- _Input material_:
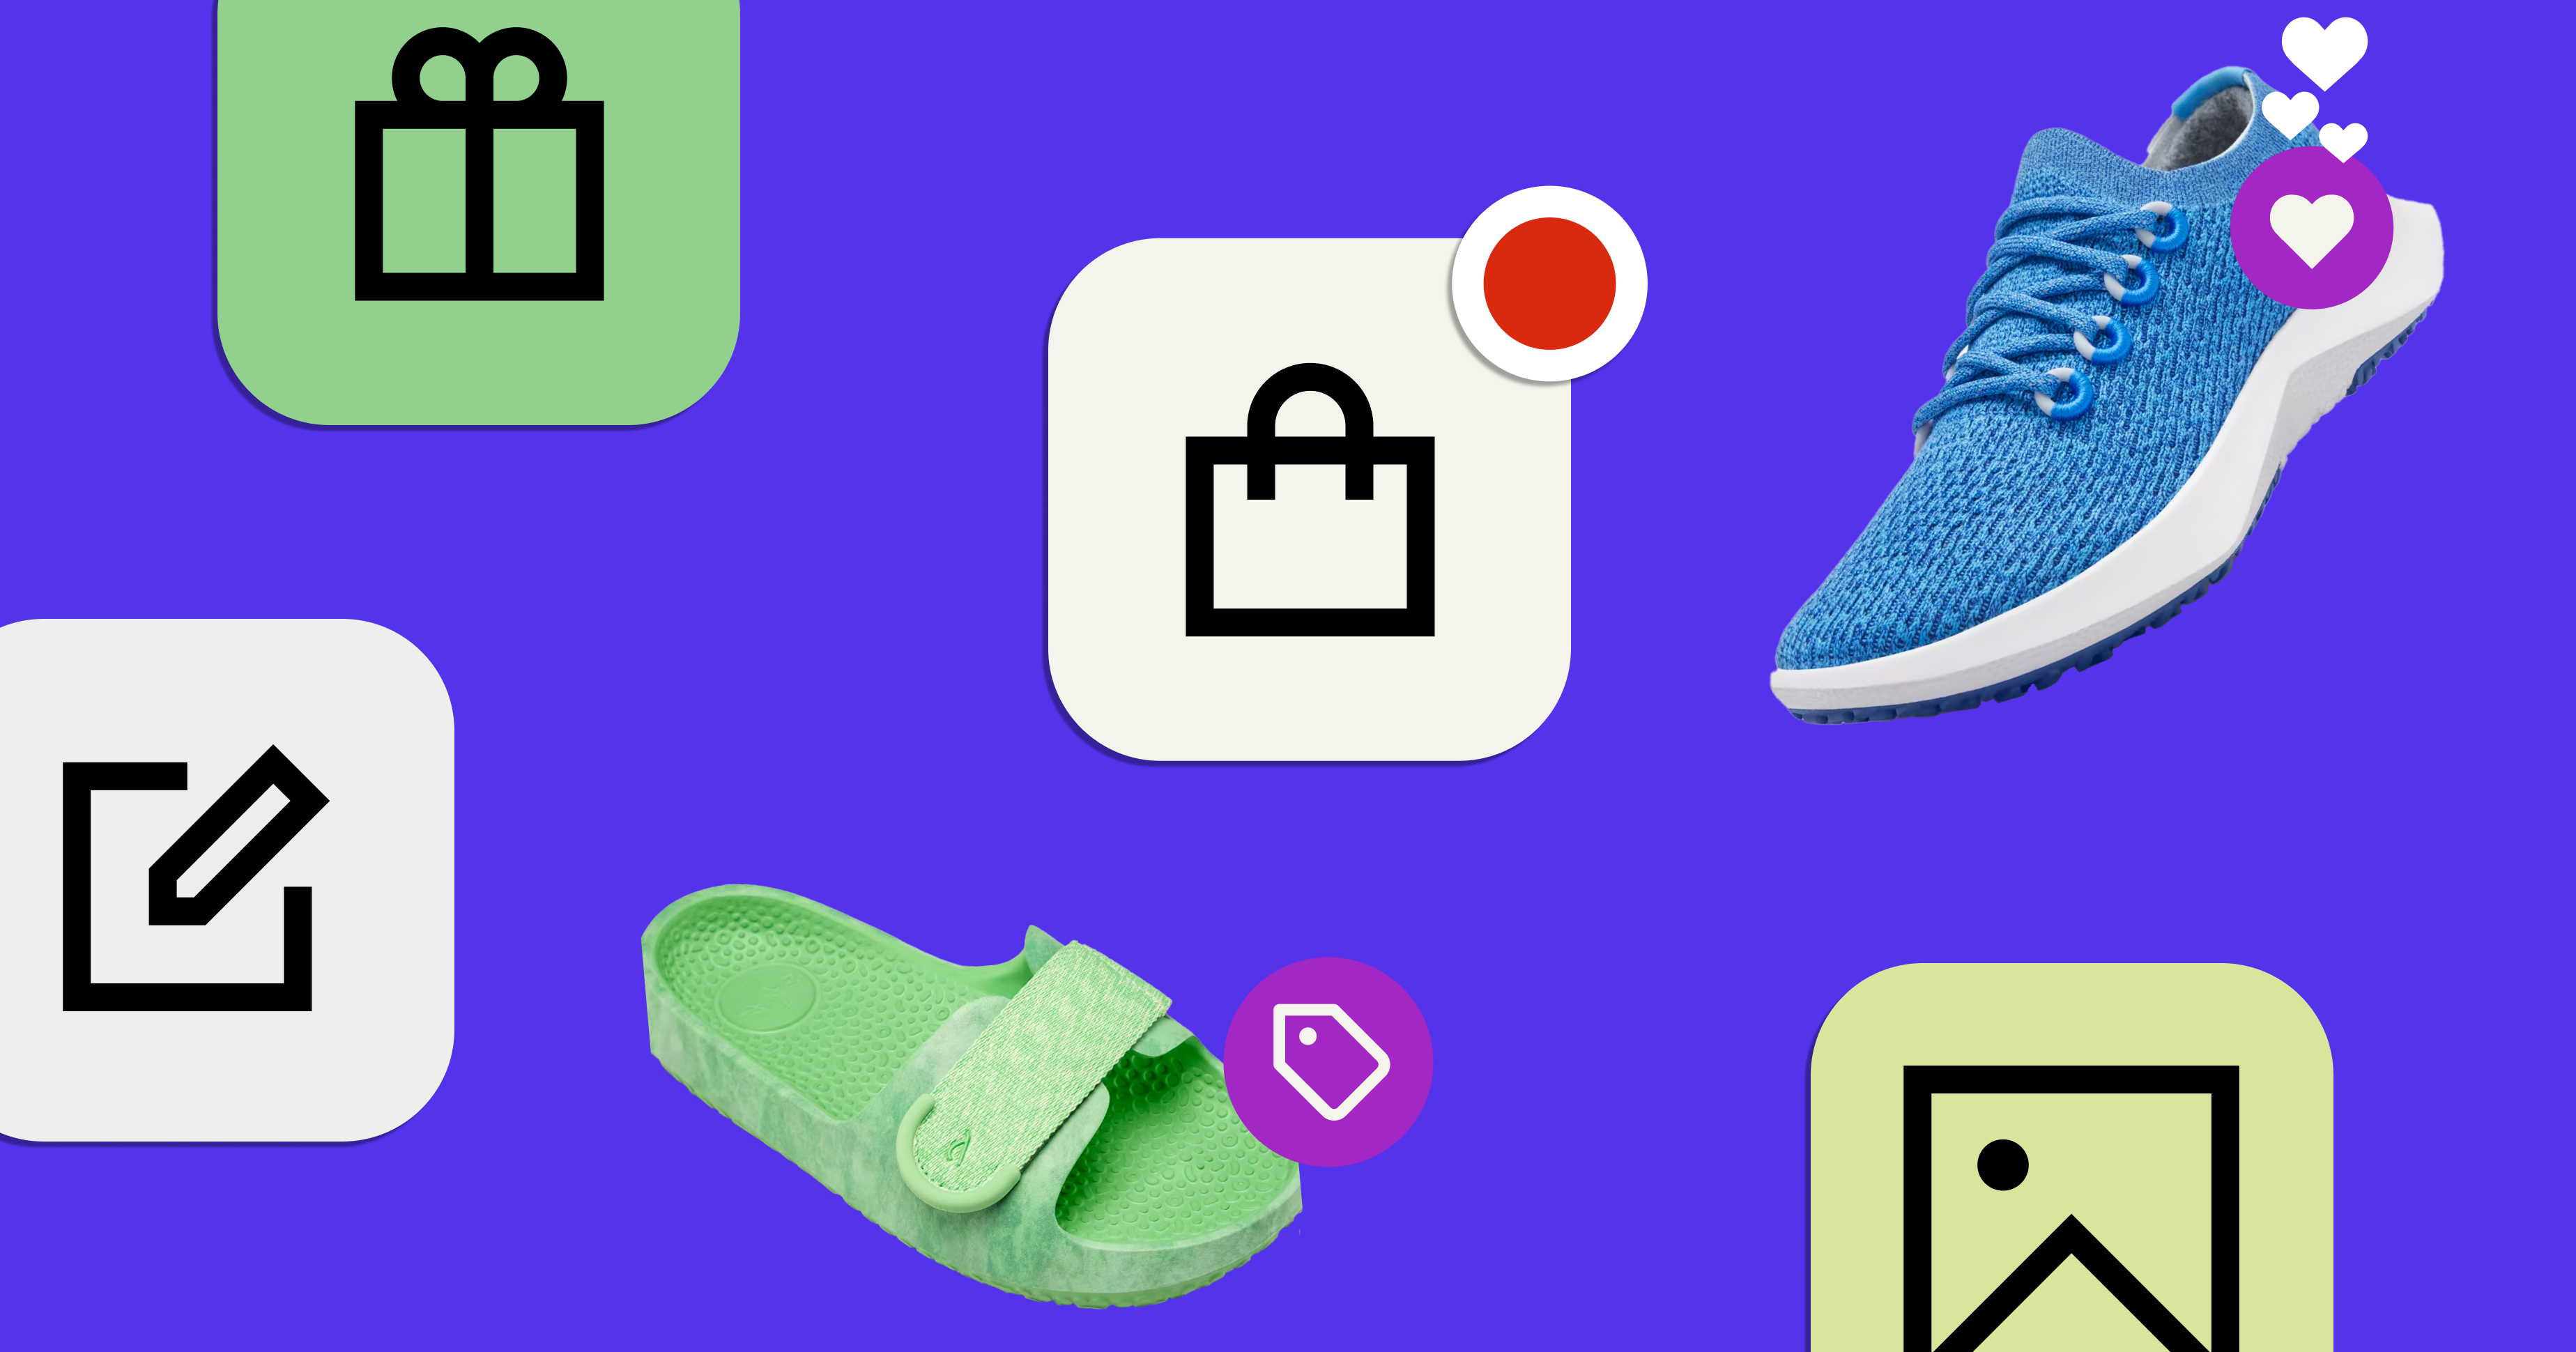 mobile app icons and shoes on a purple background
* * *
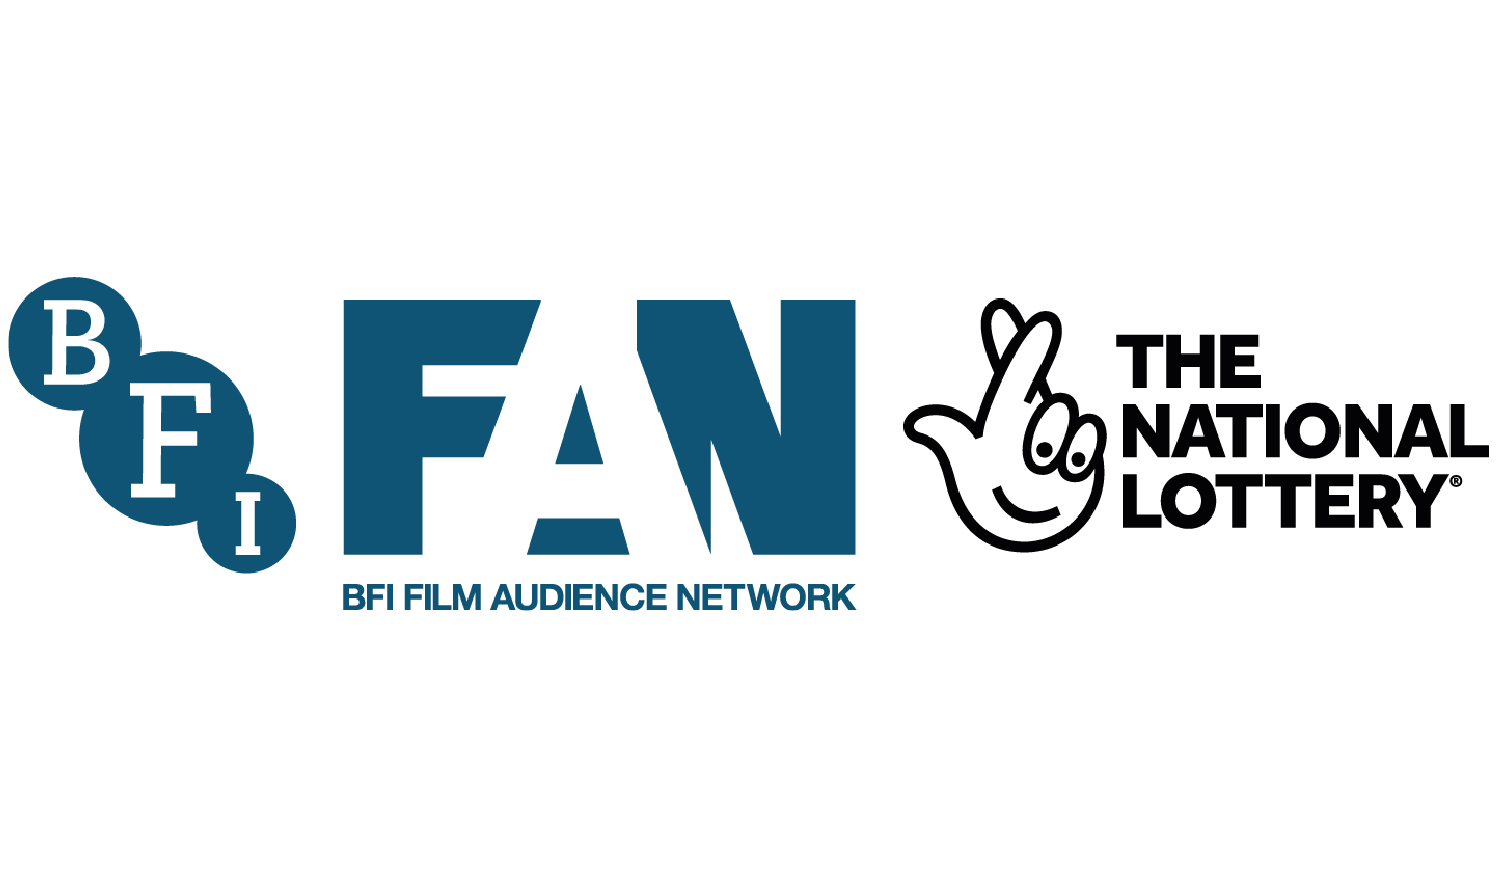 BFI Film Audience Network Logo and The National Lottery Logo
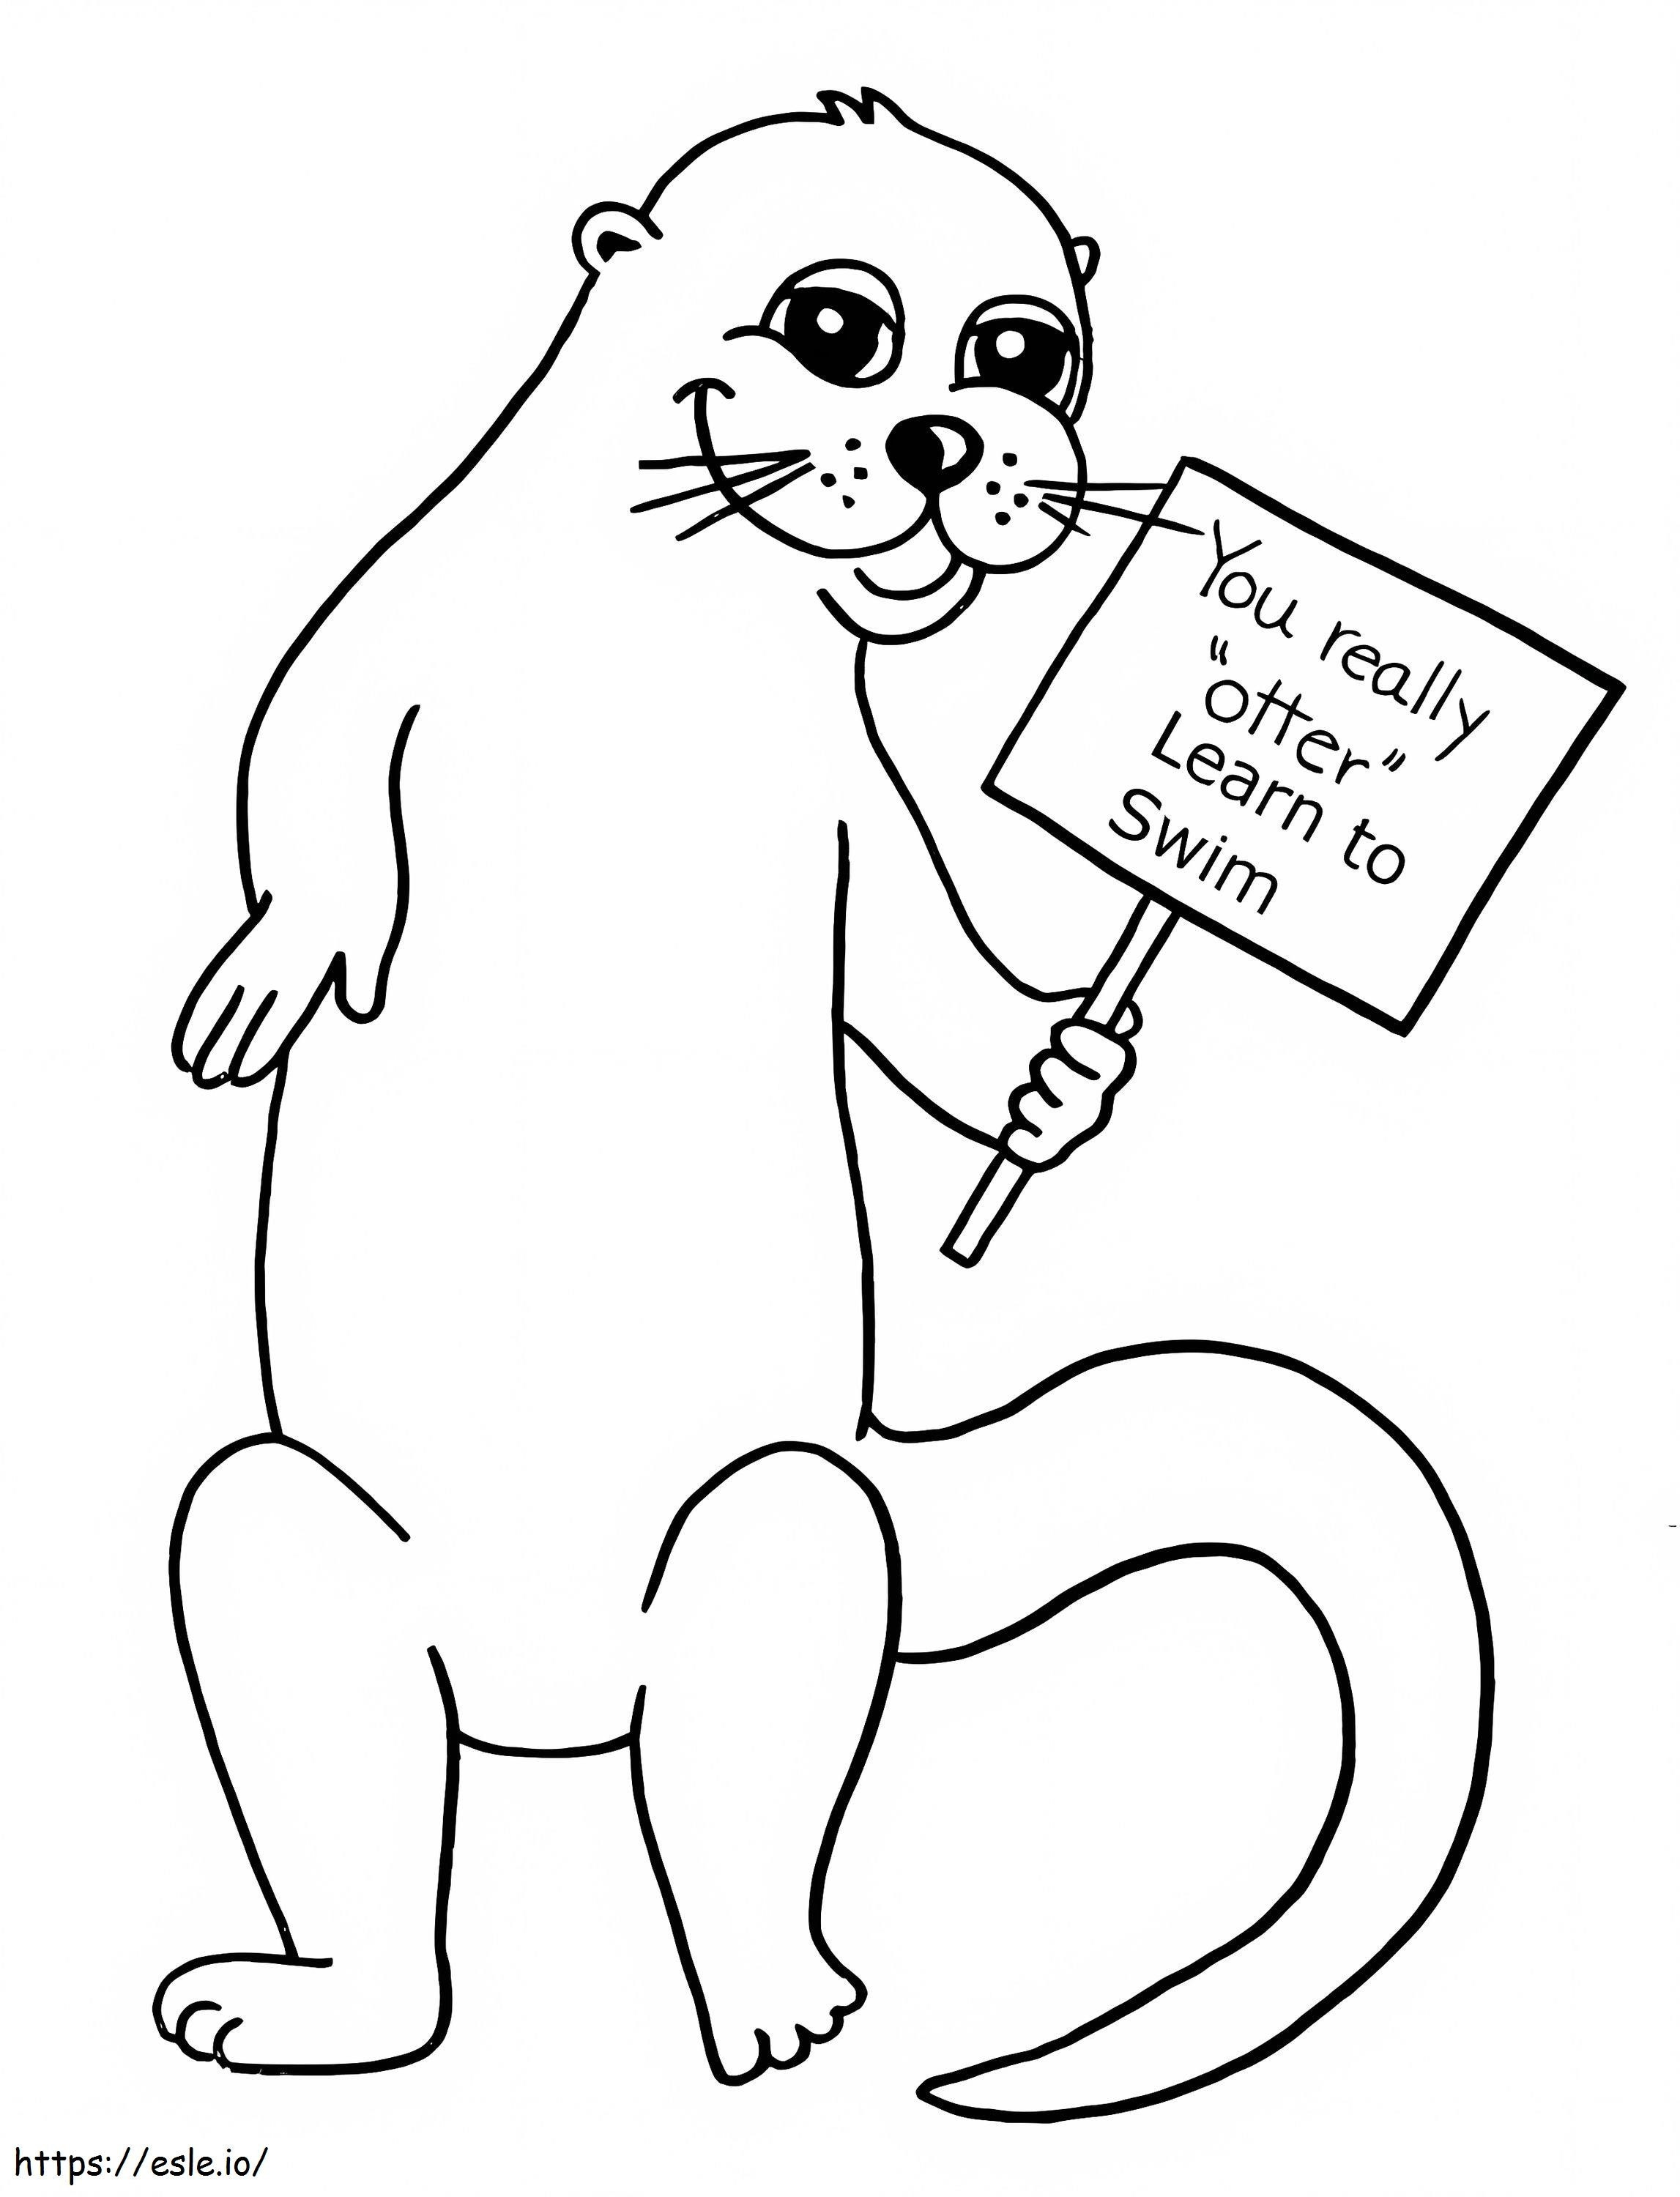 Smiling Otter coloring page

- _Activity_: Copy exactly the part of the material above that opens with the line containing "BFI Film Audience" and closes with the line containing "Smiling Otter coloring page", ends included. Drop the images.

- _Solution for this task_:
 BFI Film Audience Network Logo and The National Lottery Logo
 Smiling Otter coloring page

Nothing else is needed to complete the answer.